Avant le prochain attentat… 

En Israël, une soirée en hommage aux victimes avait été organisée à Jérusalem, le 7 mars, date hébraïque de la tuerie, à la synagogue Emouna, fief francophone de Baka.

L’occasion de diffuser le documentaire de Michaël Grynszpan, Toulouse, Entre rose et gris. Un film réalisé à l’automne dernier, et diffusé au moment des fêtes de Hanoucca par la télévision israélienne. Le bilan qu’il dresse, quelques mois après les faits, est alarmant. La communauté de Toulouse, forte de quelque 18 000 âmes, vit dans la peur permanente. Cette plus petite des grandes communautés juives de France croule sous les angoisses sécuritaires. « On ne peut plus laisser les enfants seuls dans la rue », déclare une mère de famille. Si, au Moyen Age, on giflait les Juifs, aujourd’hui, crachats, insultes, coups de klaxon sont légion.
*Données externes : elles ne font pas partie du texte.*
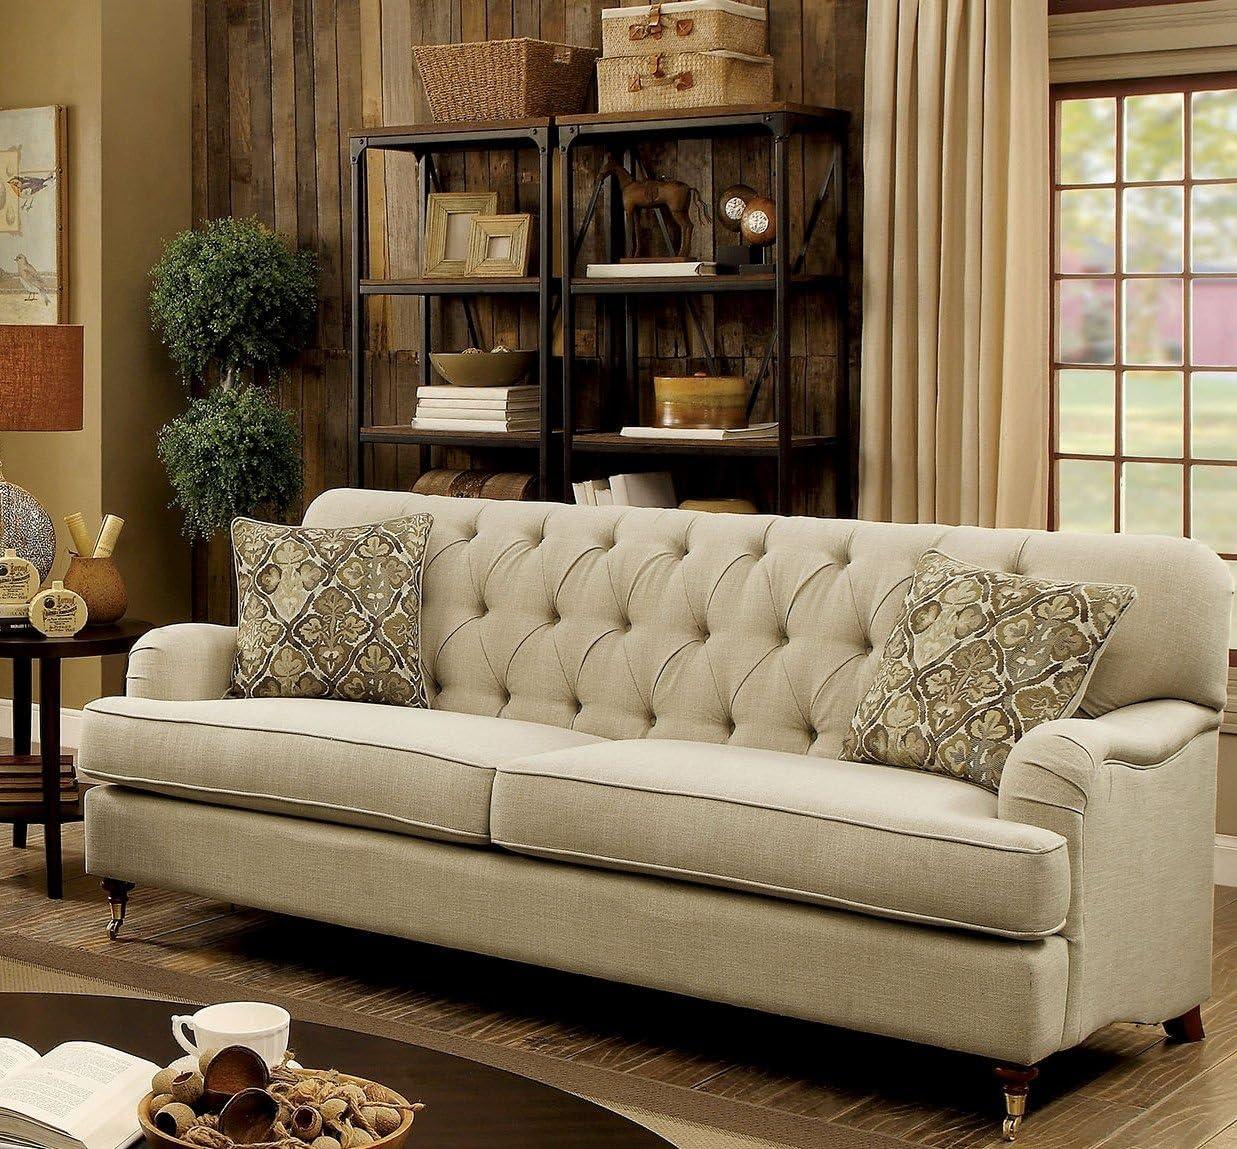 Furniture of America CM6863-SF Laney, Beige

Envers les Juifs en général et en particulier sur la personne du jeune rabbin de la ville, Avraham Weill, qui arbore avec fierté longue barbe et chapeau noir.

La spécificité de la communauté toulousaine : un public religieux minoritaire pour des membres essentiellement traditionalistes qui se retrouvent dans un centre communautaire « que même Paris n’a pas », pointe son président, Arieh Bensemoun.

Conséquence : une importante assimilation. « Il y a un déséquilibre énorme entre les mariages et les enterrements », note le rabbin Weill. « Le bilan est assez triste », confirme Michaël Grynszpan, « il se situe entre assimilation et départ ». Le réalisateur a ressenti au plus près la tension en vigueur dans la ville rose, entre les regards de haine observés dans la rue, ou son accompagnateur qui, à l’approche de quartiers plus sensibles, lui déclare sobrement « ici, j’enlève la kippa ».

Si, depuis la tuerie de mars 2012, Toulouse enregistre une hausse des demandes de conversion au judaïsme, sa communauté juive compte aussi de plus en plus de prétendants au départ. Comme la famille Cohen, filmée par Grynszpan, « par souci pour les enfants ».

La communauté de Toulouse, ses 400 élèves scolarisés dans des écoles juives et son seul restaurant cacher aurait donc perdu face à la montée antisémite ambiante ? « Certains disent que c’est juste une question de temps avant le prochain attentat », ponctue le réalisateur.